And, with an intensity driven by personal need, Harry experimented with tearing souls into pieces, but here he had no success at all. He could pull pieces away easily, but a filament always remained connecting the parts, and no matter how he stretched it, this thread would not break. The dementors, too, reported no knowledge of how such a thing might be done. None among them knew how Harry's soul had been halved, or how.

Harry tried not to think too much about the things he was doing. He was conscious, on some level, of how his experiments would be perceived by an outsider—ghoulish and depraved—but he reassured himself with the thought that he was only trying to acquire knowledge about a branch of magic, that this knowledge would aid him in discovering who and what he was, and that, after all, academagicians relied on animal experimentation as a matter of course.

So Harry spent his days, under the noontime stars, playing the mad sorcerer of Azkaban.

─-─-─-─-─o─-─-─-─-─

"I got an owl at work today," James said, stopping Harry in his tracks. The dark-haired boy had been about to take his dinner up to the attic, where he had been eating ever since his ill-fated encounter with James' patronus.

Harry eyed his father warily through his fringe.
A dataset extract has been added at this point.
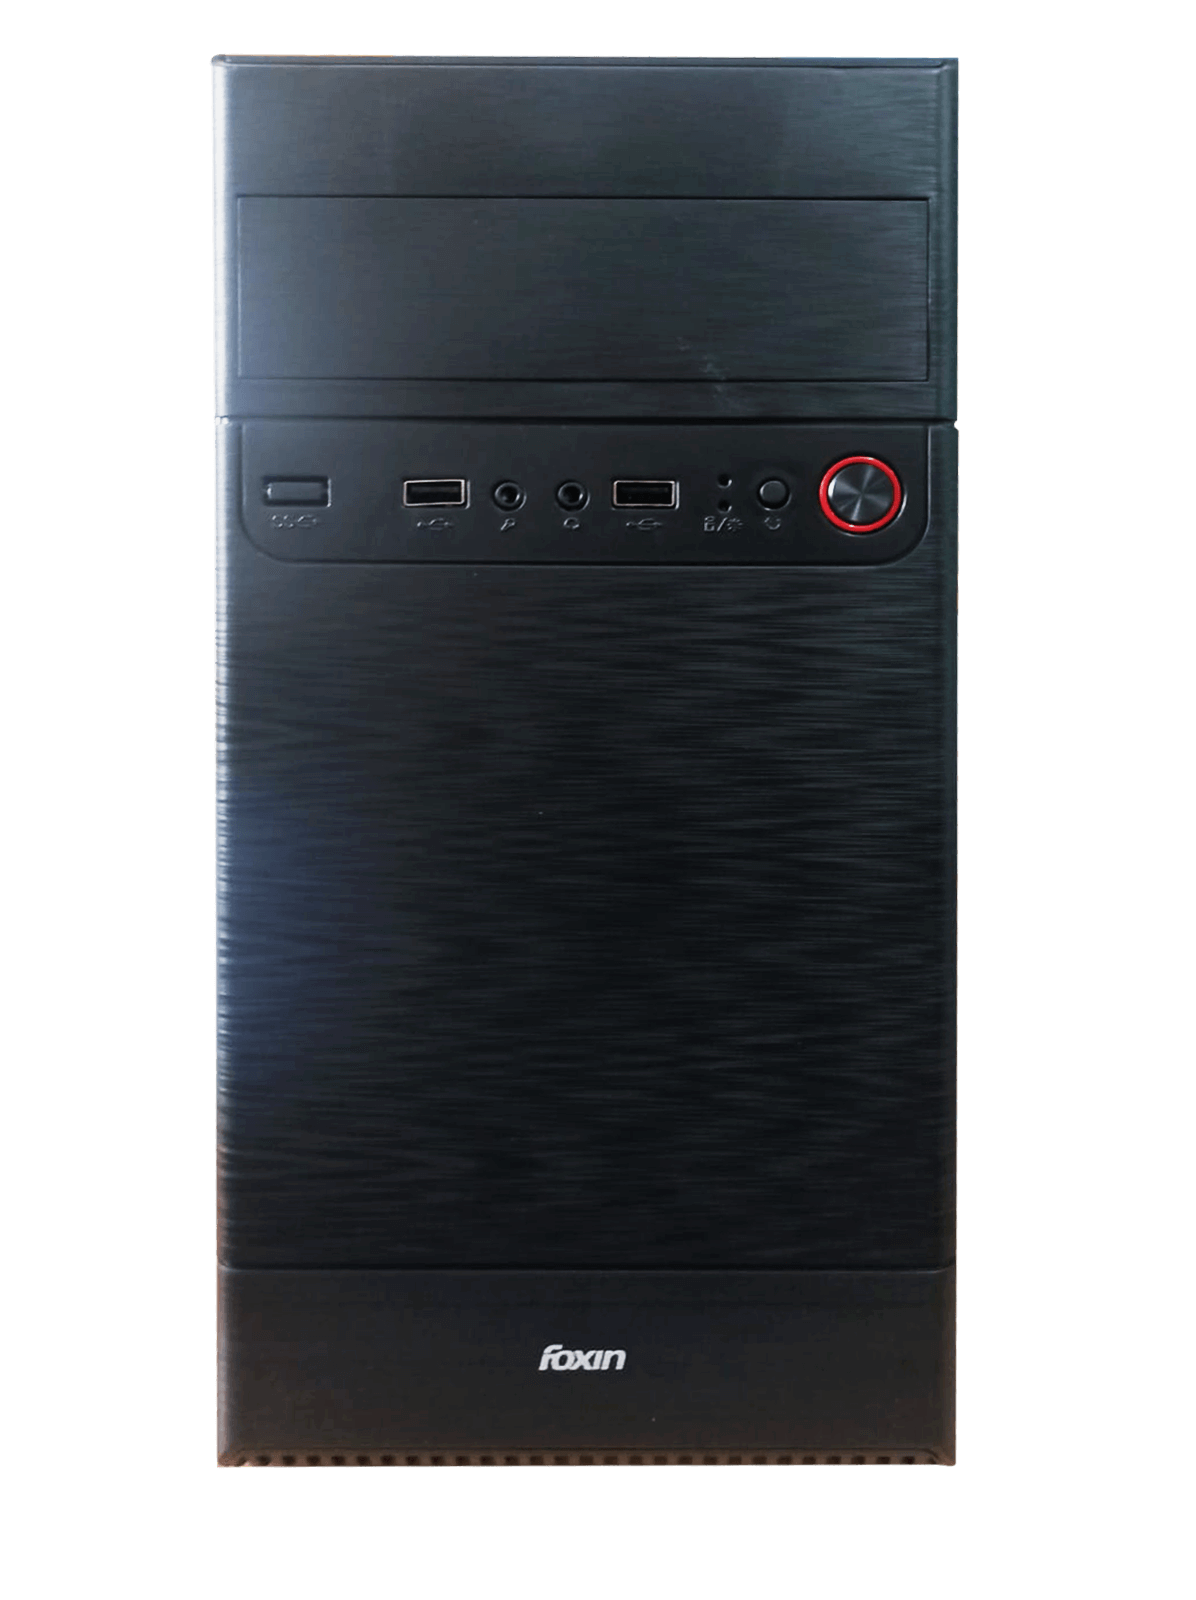 Foxin XING Desktop Computer Case/PC Cabinet - with Steel Metal Body | All Micro-ATX / Mini-ITX Compatible | Metallic Black

Relations between them hadn't been so strained since before James' accidental manslaughter had set them packing for Azkaban.

James toyed with his food, not looking at Harry. "It's from your correspondence school. Apparently they haven't received anything from you in a couple of weeks."

"Mm," Harry grunted, as he tried to remember when the last time he had done any schoolwork was.

James glanced up, finally, and sighed. "Look, just sit down. This is getting ridiculous."

Harry sat down rigidly on the sofa across from James, and crossed his arms, hiding his scarred hands in his armpits.

"Why aren't you doing your school work? I thought you liked your classes."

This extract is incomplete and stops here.